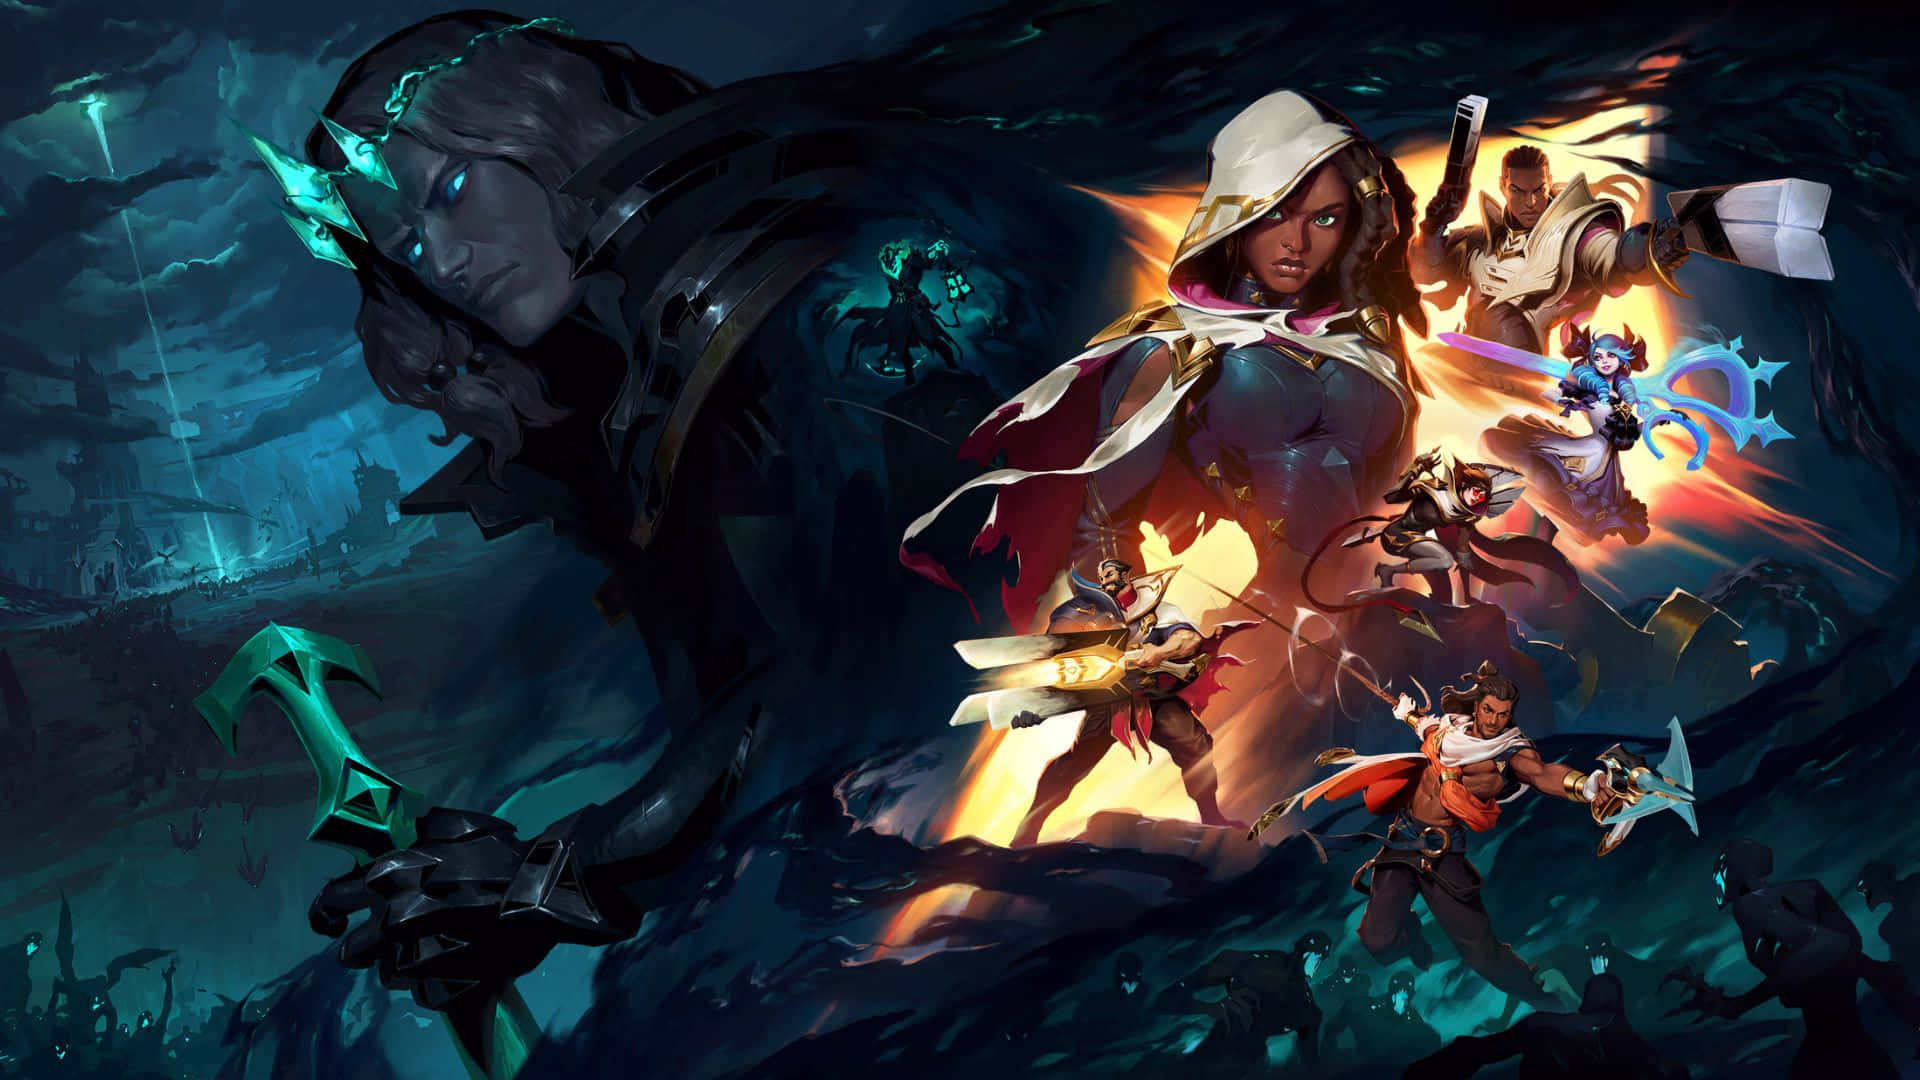 Battle the enemy forces in League of Legends
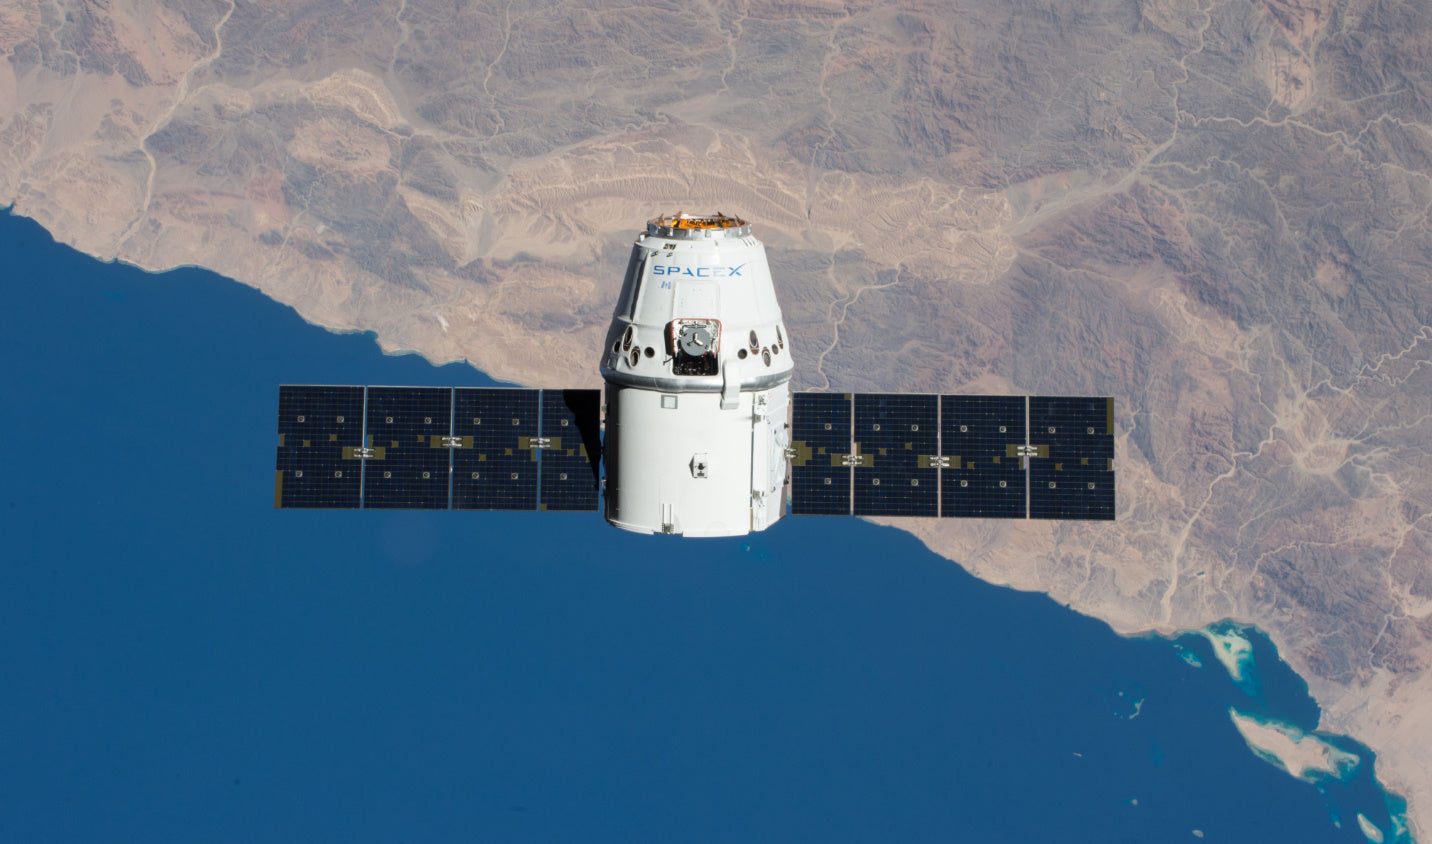 SpaceX will perform Dragon's CRS-20 resupply mission for NASA to the International Space Station next week
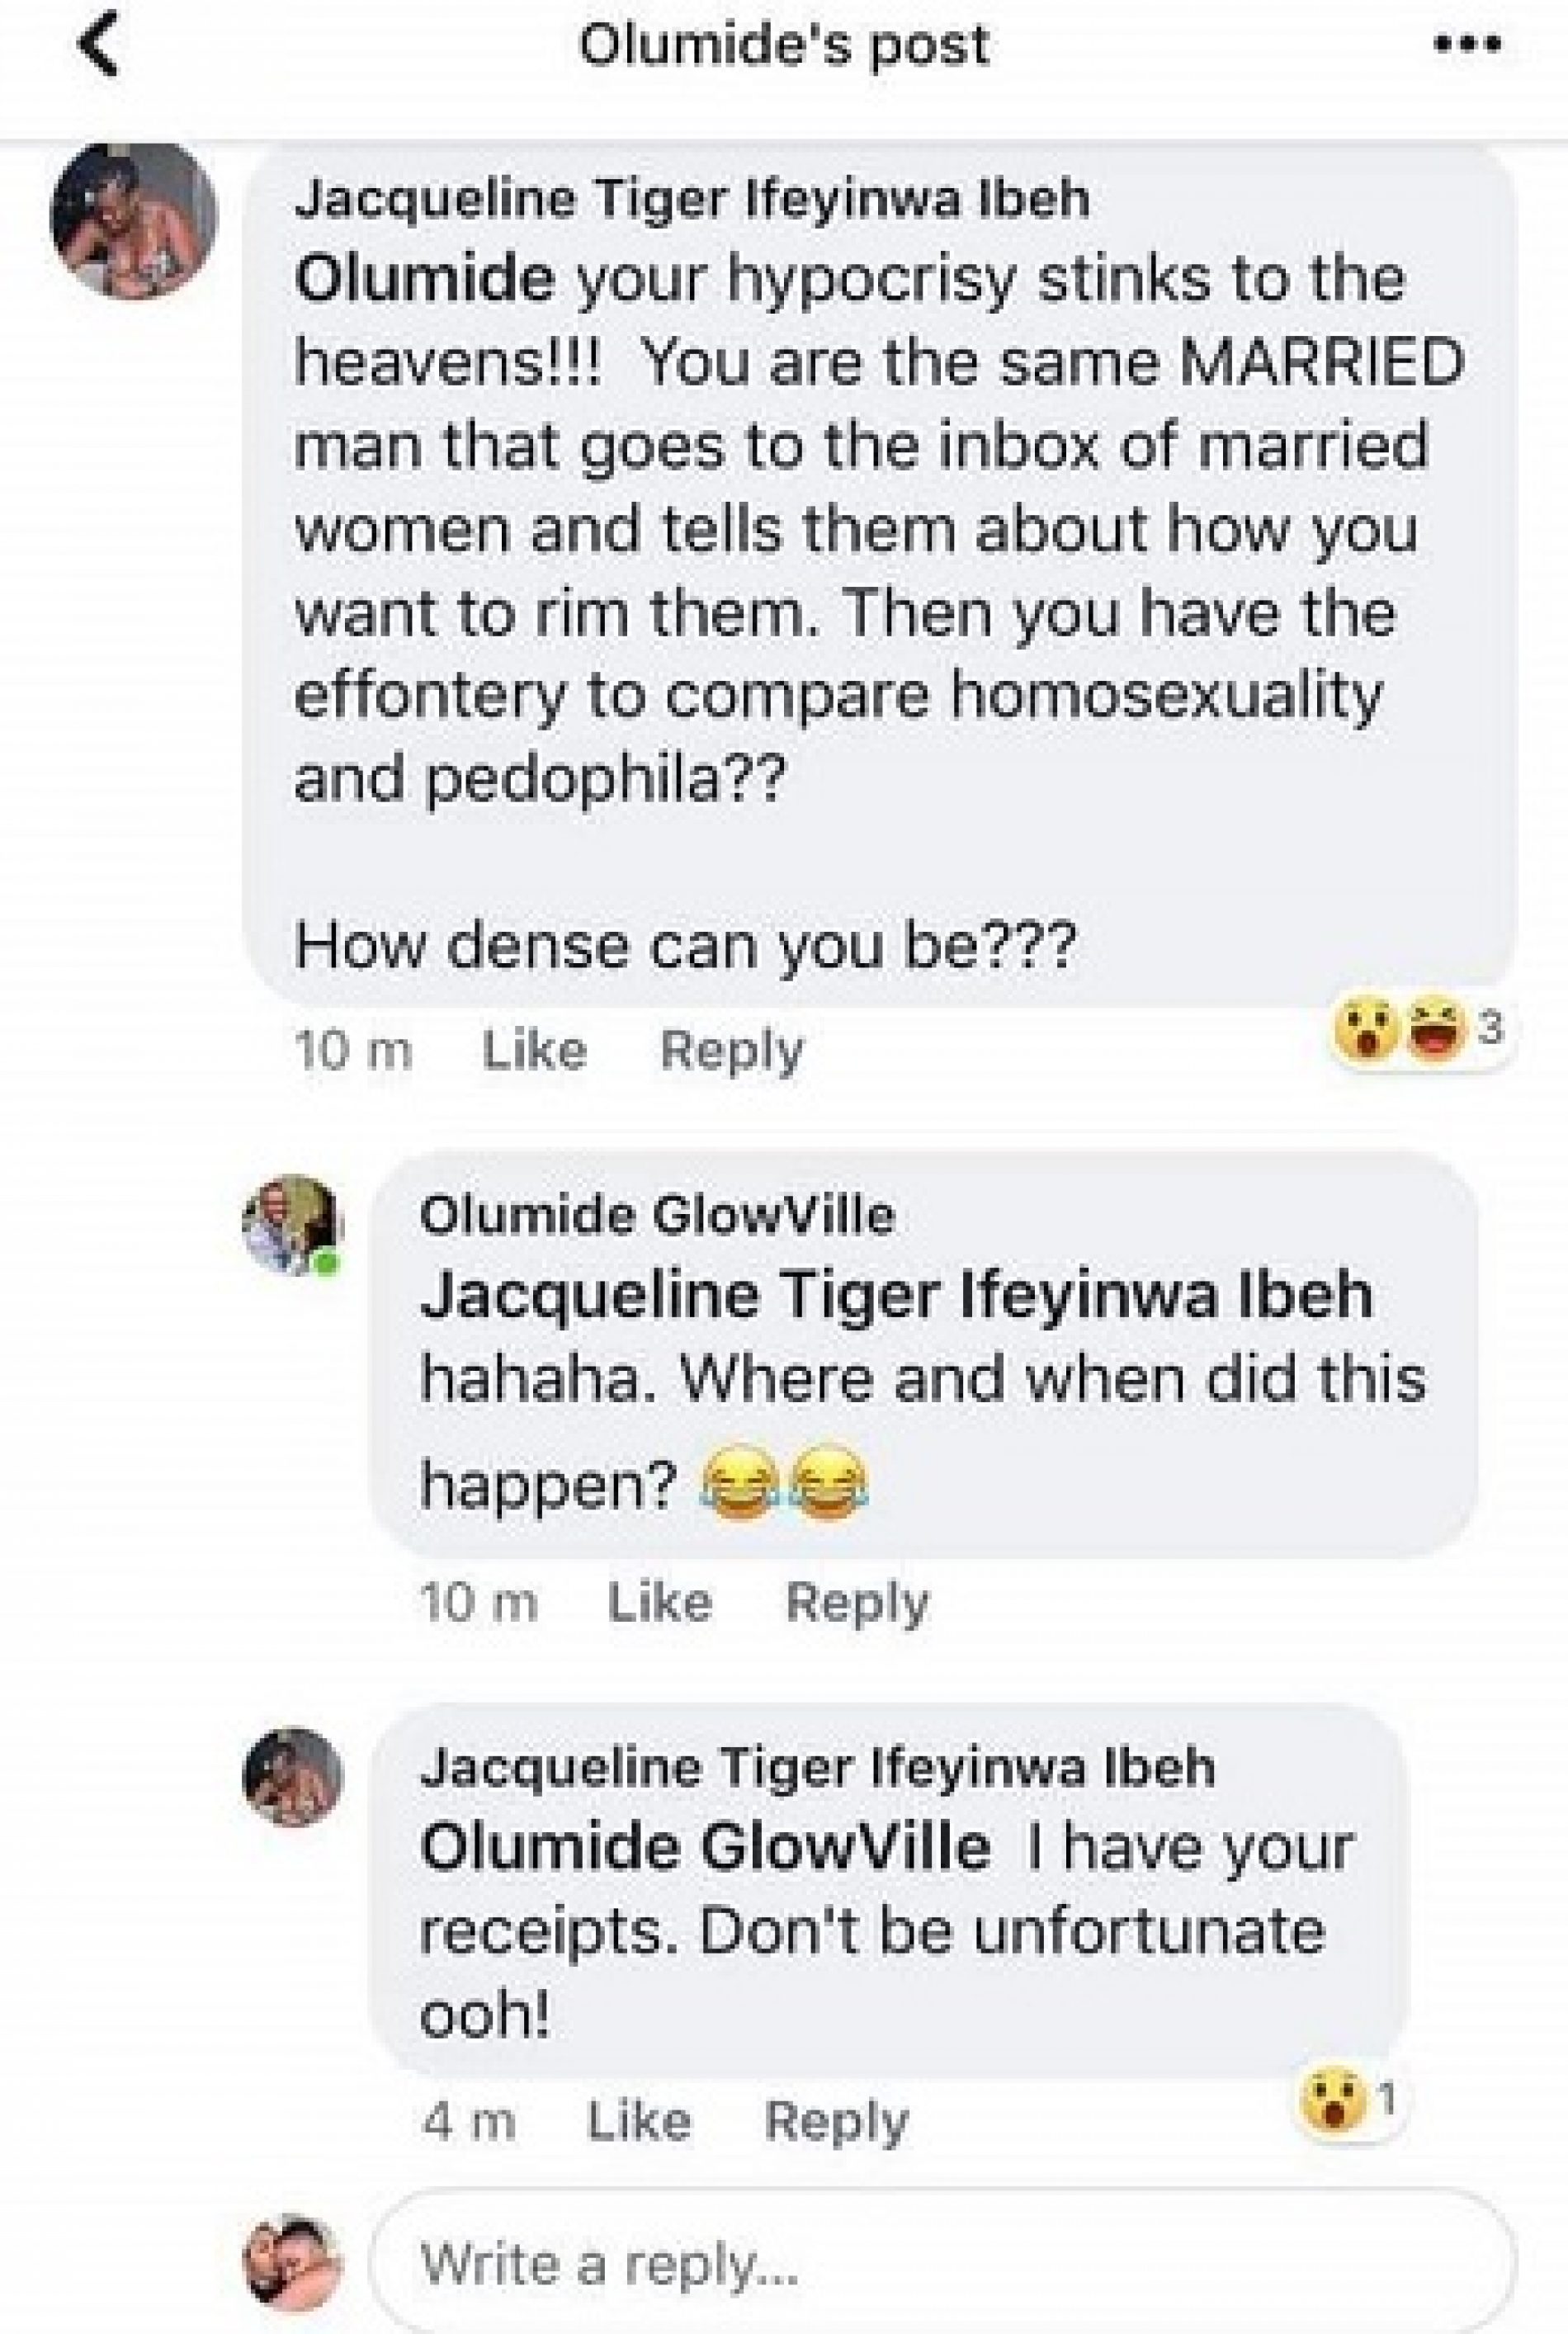 Facebook Gets Messy With Olumide Glowville’s Hypocrisy

Requirement: Copy the data word for word, no pictures.

Written solution:
 Battle the enemy forces in League of Legends
 SpaceX will perform Dragon's CRS-20 resupply mission for NASA to the International Space Station next week
 Facebook Gets Messy With Olumide Glowville’s Hypocrisy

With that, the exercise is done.